[AMDGPU][GlobalISel] Combine (sext (trunc (sext_in_reg x))) #131312

Pierre-vh · 2025-03-14T11:16:50Z

This is a bit of an akward pattern that can come up as a result
of legalization and then widening of i16 operations to i32 in RegBankSelect
on AMDGPU.

This quick combine avoids redundant patterns like

s_sext_i32_i8 s0, s0
s_sext_i32_i16 s0, s0
s_ashr_i32 s0, s0, s1

With this the second sext is removed as it's redundant.

Pierre-vh · 2025-03-14T11:17:05Z

Warning

This pull request is not mergeable via GitHub because a downstack PR is open. Once all requirements are satisfied, merge this PR as a stack on Graphite.
Learn more

This stack of pull requests is managed by Graphite. Learn more about stacking.

llvmbot · 2025-03-14T11:19:24Z

@llvm/pr-subscribers-llvm-globalisel

Author: Pierre van Houtryve (Pierre-vh)

Changes

This is a bit of an akward pattern that can come up as a result
of legalization and then widening of i16 operations to i32 in RegBankSelect
on AMDGPU.

This quick combine avoids redundant patterns like

s_sext_i32_i8 s0, s0
s_sext_i32_i16 s0, s0
s_ashr_i32 s0, s0, s1

With this the second sext is removed as it's redundant.
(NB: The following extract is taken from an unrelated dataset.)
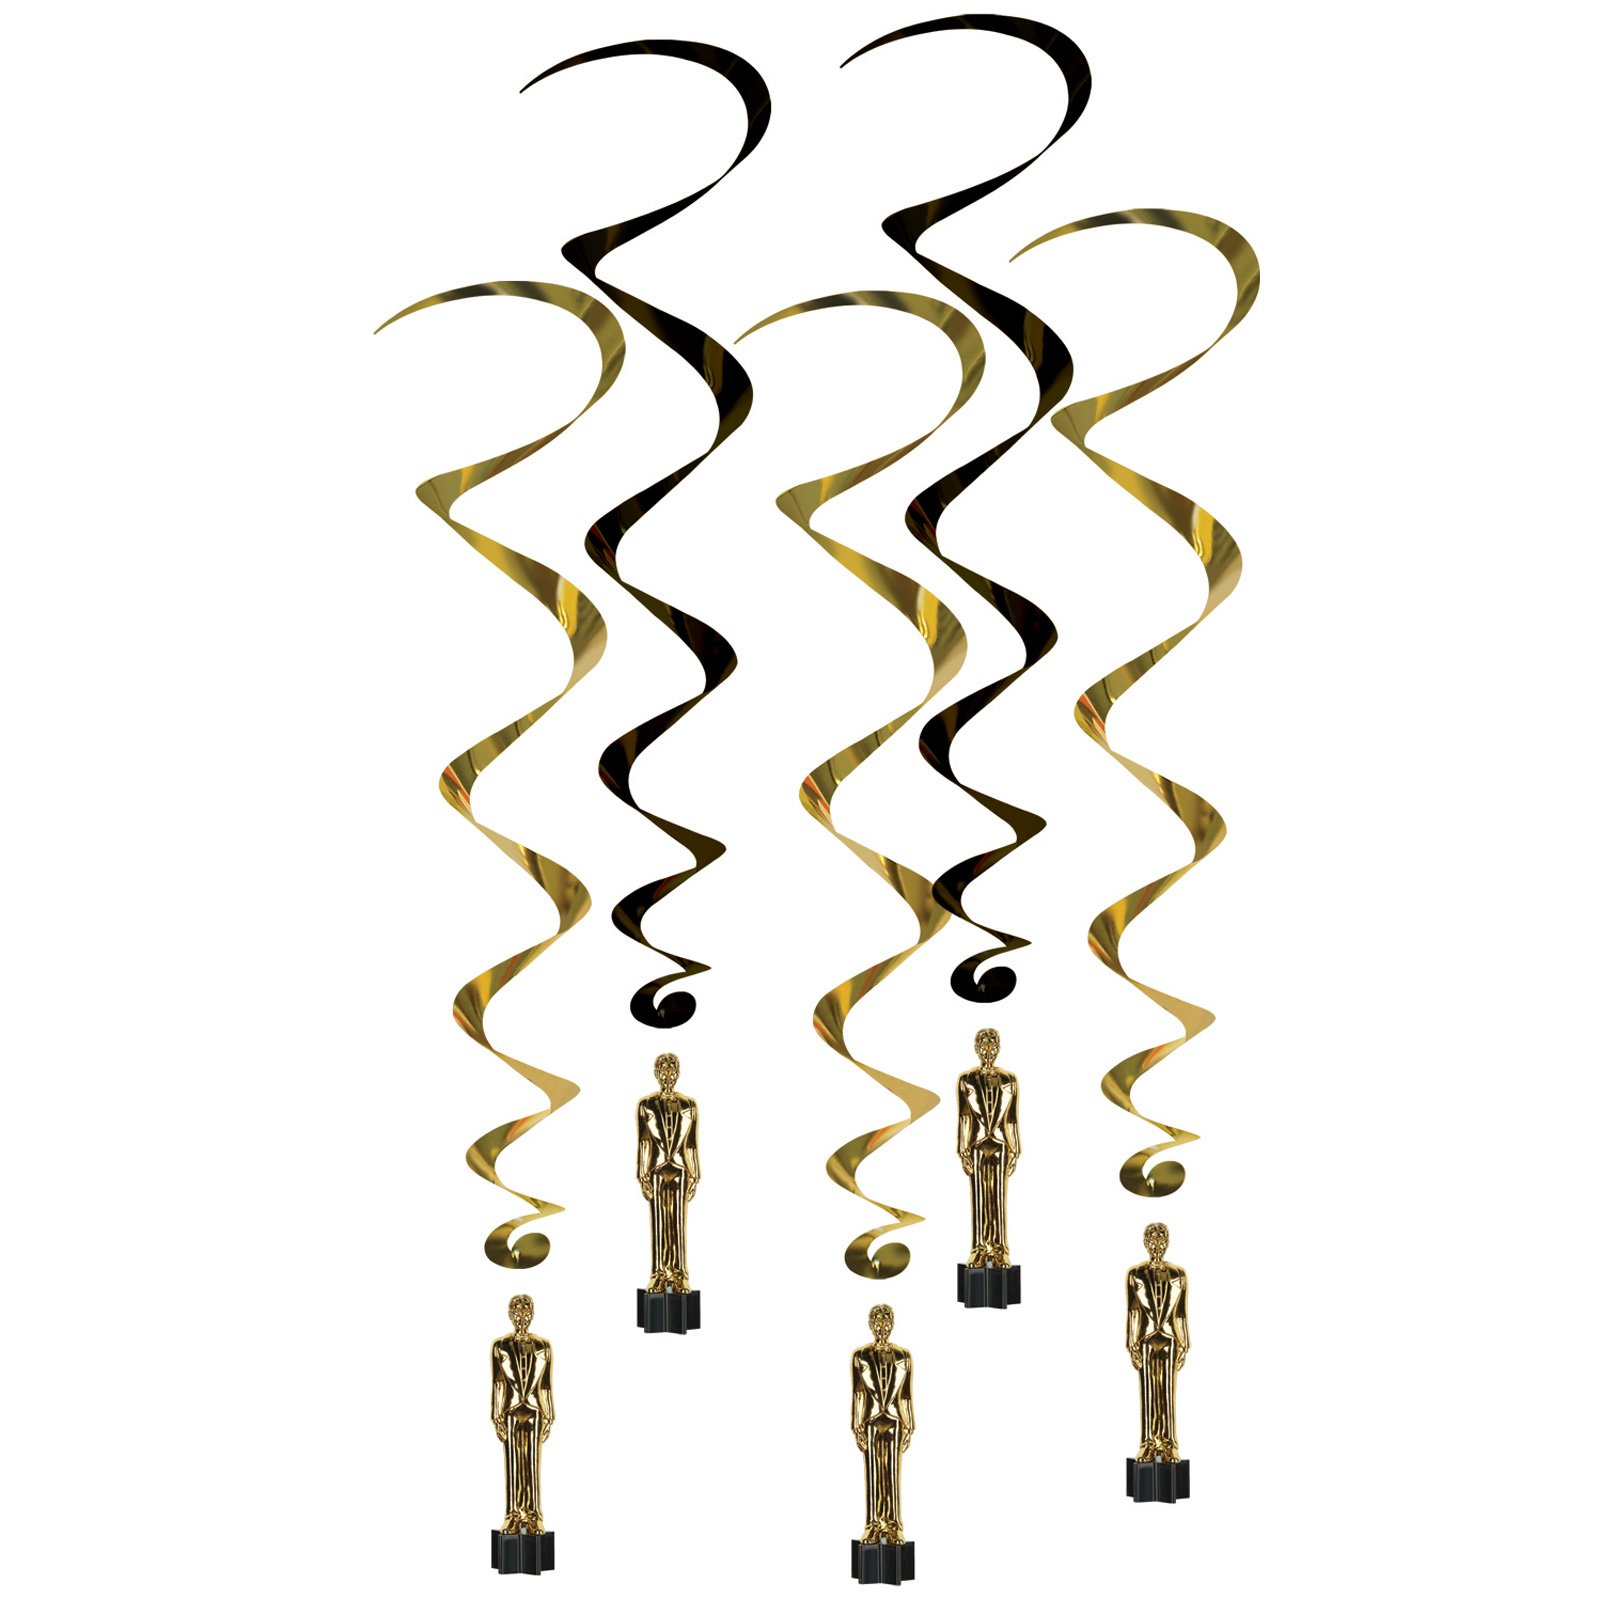 Awards Night Swirls (5 count)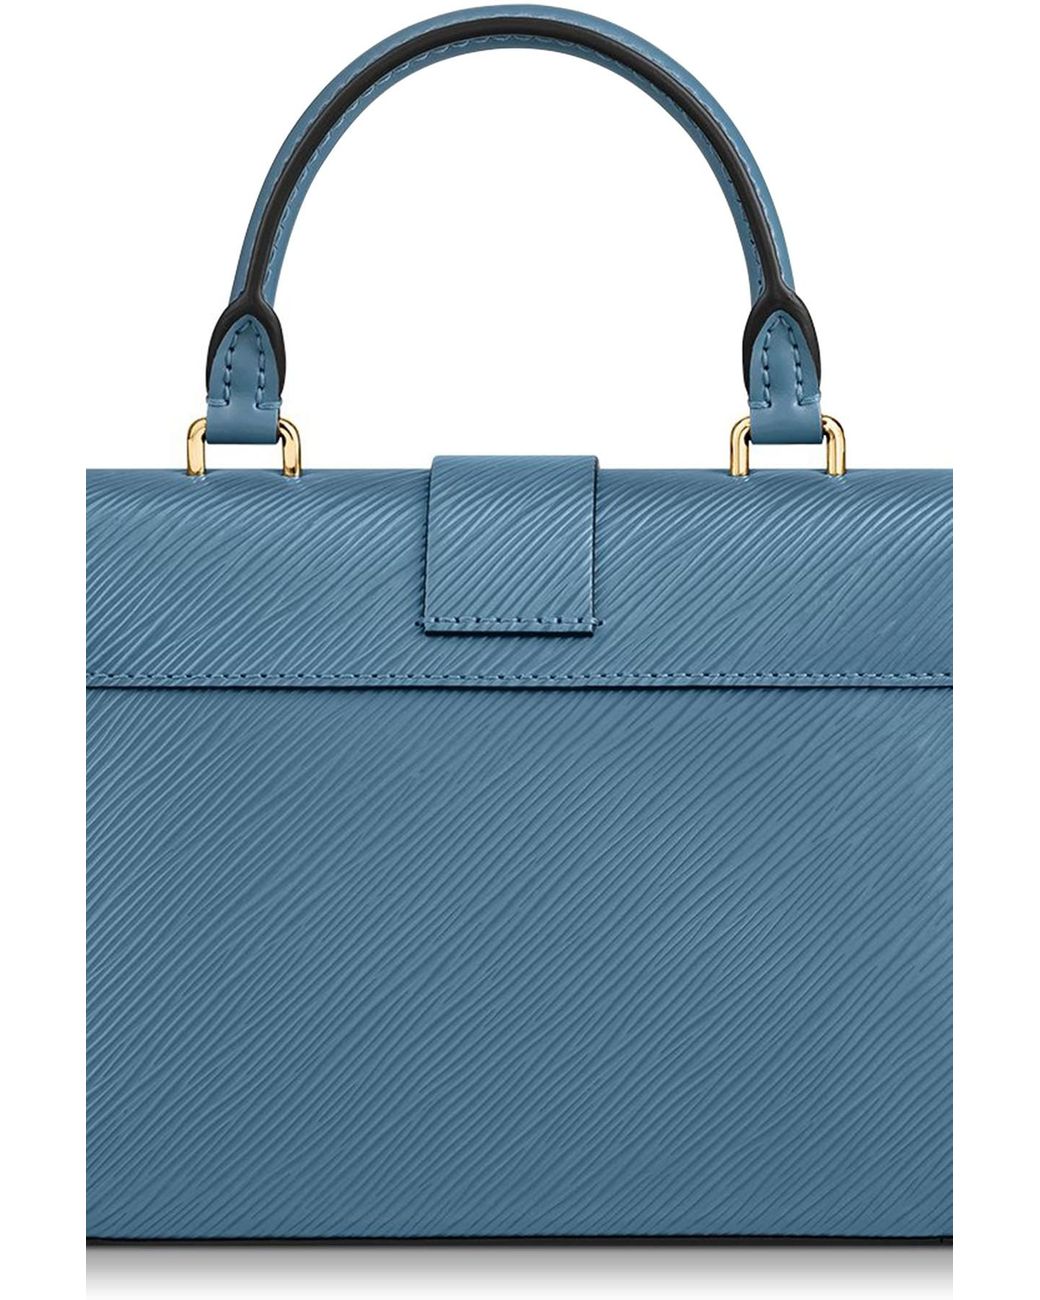 Louis Vuitton LOCKY Bb Leather Handbag

Full diff: https://github.com/llvm/llvm-project/pull/131312.diff

3 Files Affected:

(modified) llvm/include/llvm/Target/GlobalISel/Combine.td (+11-1)
(added) llvm/test/CodeGen/AMDGPU/GlobalISel/combine-sext-trunc-sextinreg.mir (+86)
(modified) llvm/test/CodeGen/AMDGPU/GlobalISel/llvm.abs.ll (+16-62)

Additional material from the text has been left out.